ChemDFM: A Large Language Foundation Model for Chemistry
- URL: http://arxiv.org/abs/2401.14818v4
- Date: Sat, 02 Nov 2024 07:29:46 GMT
- Title: ChemDFM: A Large Language Foundation Model for Chemistry
- Authors: Zihan Zhao, Da Ma, Lu Chen, Liangtai Sun, Zihao Li, Yi Xia, Bo Chen, Hongshen Xu, Zichen Zhu, Su Zhu, Shuai Fan, Guodong Shen, Kai Yu, Xin Chen,
- Abstract summary: A more generic and efficient solution would be an AI model that could address many tasks and support free-form dialogue in the broad field of chemistry.
We develop ChemDFM, a pioneering LLM for chemistry trained on 34B tokens from chemical literature and textbooks, and fine-tuned using 2.7M instructions.
We have open-sourced the inference codes, evaluation datasets, and model weights of ChemDFM on Huggingface.

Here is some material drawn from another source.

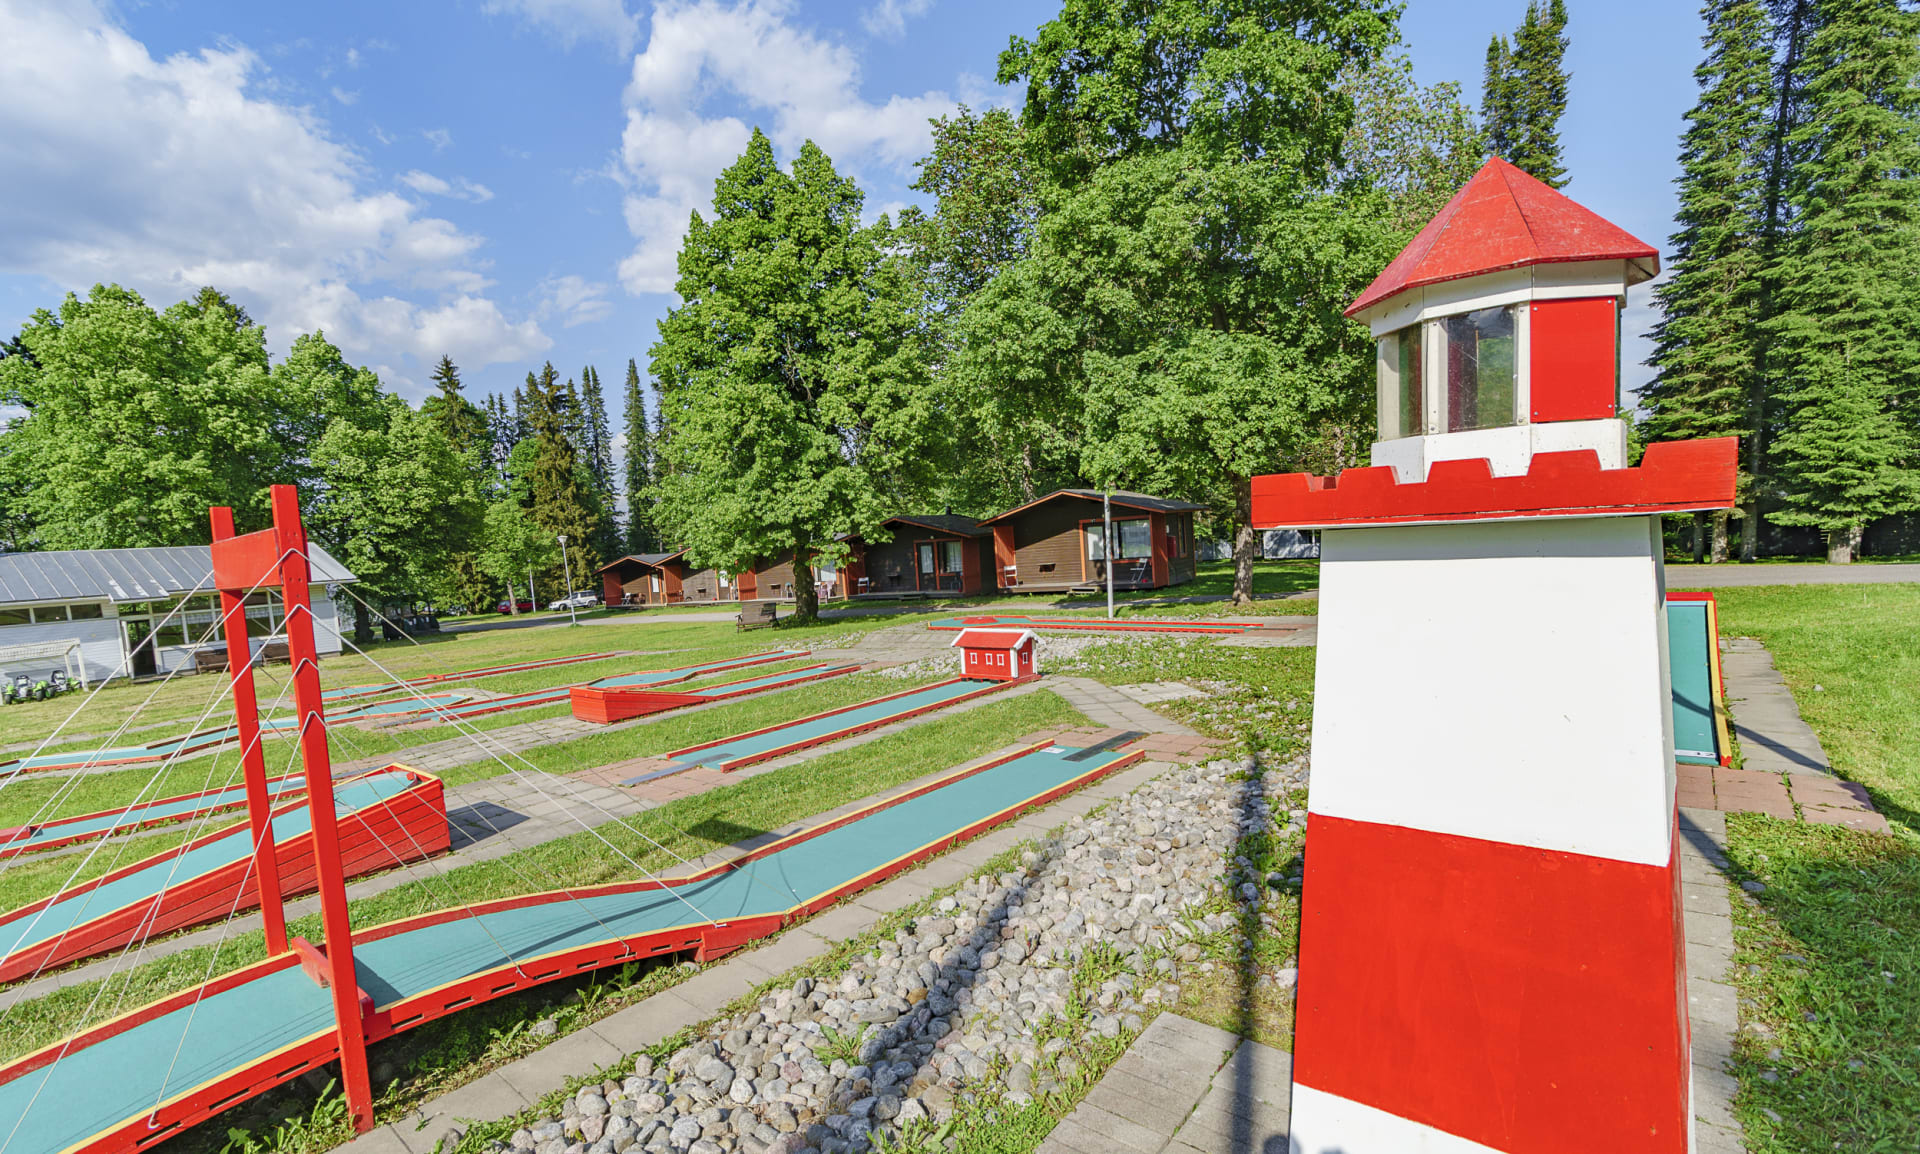 Minigolf is popular game at Härmälä Camping.

- Score: 27.864255196445324
- License:
- Abstract: Artificial intelligence (AI) has played an increasingly important role in chemical research. However, most models currently used in chemistry are specialist models that require training and tuning for specific tasks. A more generic and efficient solution would be an AI model that could address many tasks and support free-form dialogue in the broad field of chemistry. In its utmost form, such a generalist AI chemist could be referred to as Chemical General Intelligence. Large language models (LLMs) have recently logged tremendous success in the general domain of natural language processing, showing emerging task generalization and free-form dialogue capabilities. However, domain knowledge of chemistry is largely missing when training general-domain LLMs. The lack of such knowledge greatly hinders the performance of generalist LLMs in the field of chemistry. To this end, we develop ChemDFM, a pioneering LLM for chemistry trained on 34B tokens from chemical literature and textbooks, and fine-tuned using 2.7M instructions. As a result, it can understand and reason with chemical knowledge in free-form dialogue. Quantitative evaluations show that ChemDFM significantly surpasses most representative open-source LLMs. It outperforms GPT-4 on a great portion of chemical tasks, despite the substantial size difference. We have open-sourced the inference codes, evaluation datasets, and model weights of ChemDFM on Huggingface (https://huggingface.co/OpenDFM/ChemDFM-13B-v1.0).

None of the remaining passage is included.